This interactive visualization illustrates what nodes (entities) and edges (relationships) are in graph theory by modeling a basic healthcare scenario. Each node represents a distinct entity in the healthcare system with its own unique properties, while edges show the relationships between these entities. This foundational example demonstrates how graph databases naturally model real-world healthcare interactions.

Features

Node Types

  • Patient (Blue, Circle): Represents individual patients in the healthcare system
  • Properties: name, age, mrn, admission_date

  • Provider (Green, Circle): Healthcare providers such as physicians and specialists

  • Properties: name, specialty, npi, department

  • Diagnosis (Orange, Circle): Medical diagnoses and conditions

  • Properties: name, icd10_code, category, severity

  • Medication (Purple, Circle): Medications prescribed to patients

  • Properties: name, generic_name, dosage, frequency

  • Facility (Yellow, Circle): Healthcare facilities and hospitals

  • Properties: name, type, address, bed_capacity

Interactive Features

  • Hover Tooltips: Hover over any node to see its type and properties in a tooltip
  • Click for Details: Click on a node to display full details in the right sidebar
  • Search: Use the search box to find nodes by name or property values
  • Filter by Type: Toggle checkboxes to show or hide specific node types
  • Select All/Unselect All: Bulk controls to quickly filter all node types
  • Force-Directed Layout: Automatic node positioning using physics simulation

Educational Insights

  • Graph Basics: A graph consists of nodes (entities) and edges (relationships).
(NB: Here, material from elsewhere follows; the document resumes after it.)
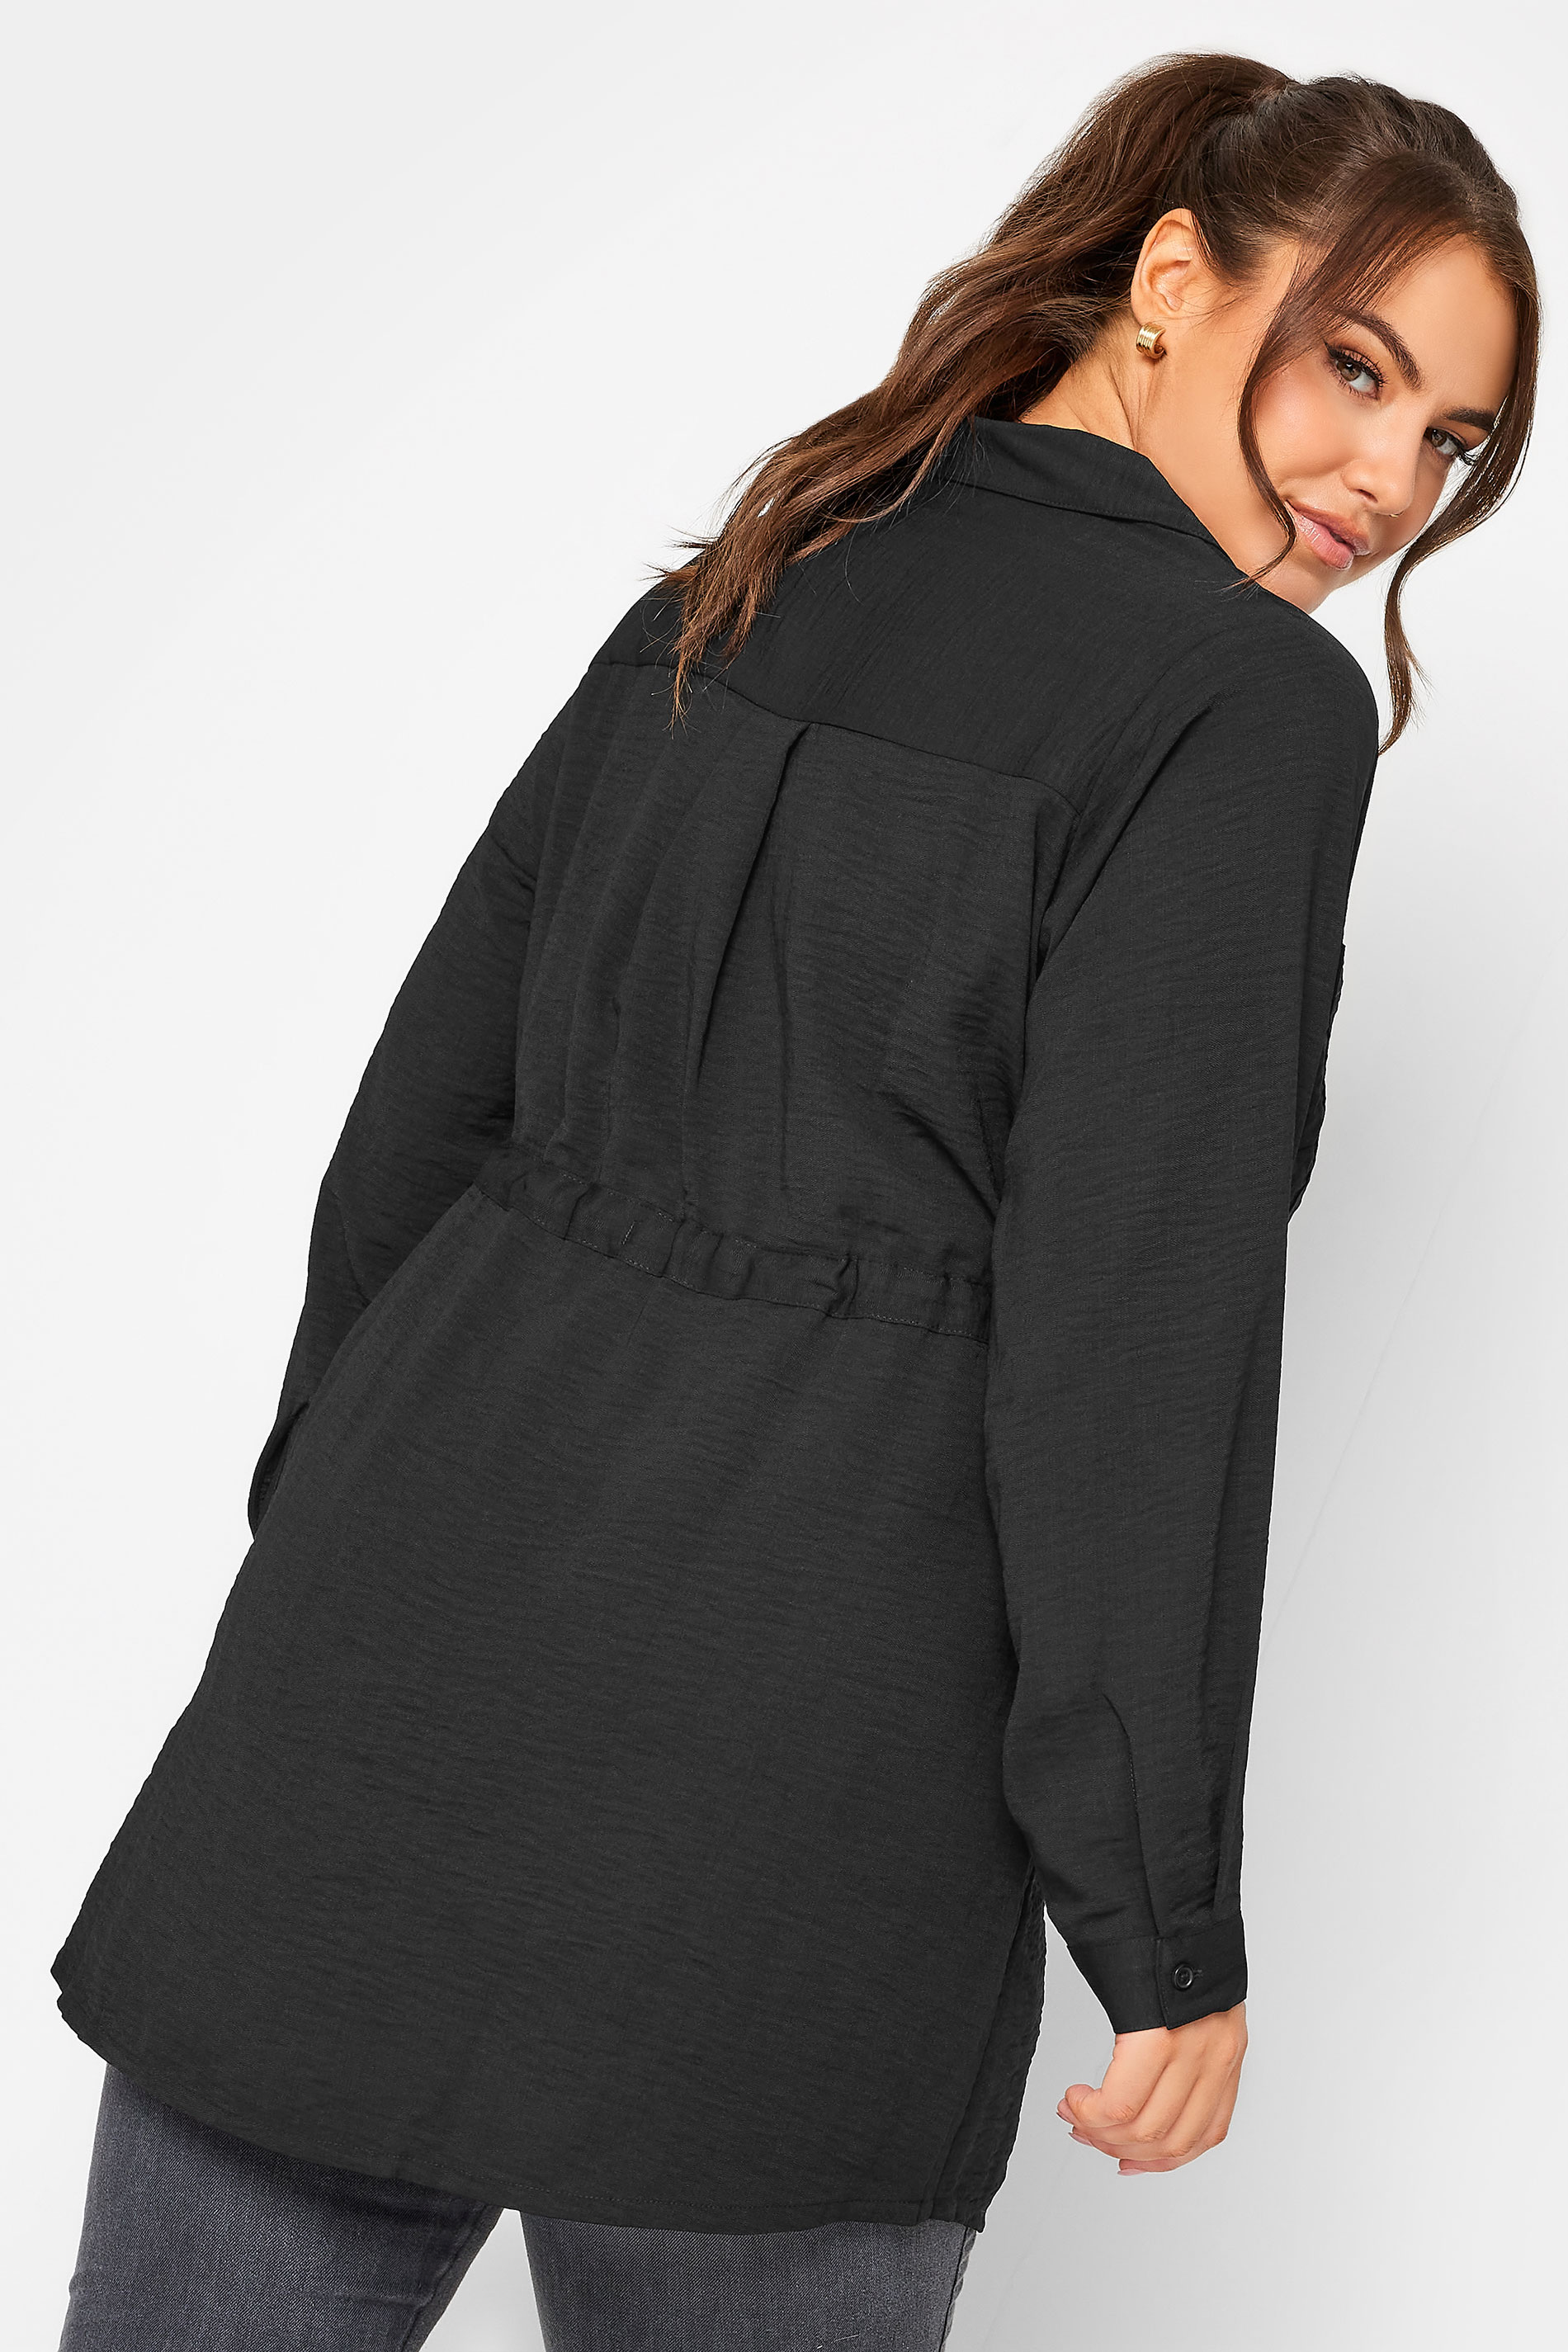 YOURS Curve Plus Size Black Utility Tunic Shirt | Yours Clothing  3

Nodes represent things (patient, provider, diagnosis), while edges represent how these things are connected (visited, diagnosed with, prescribed).

  • Heterogeneous Properties: Notice how each node type has completely different properties—patients have MRN and age, providers have NPI and specialty, diagnoses have ICD-10 codes. In a graph database, this flexibility is natural, while relational databases would require multiple tables or sparse schemas.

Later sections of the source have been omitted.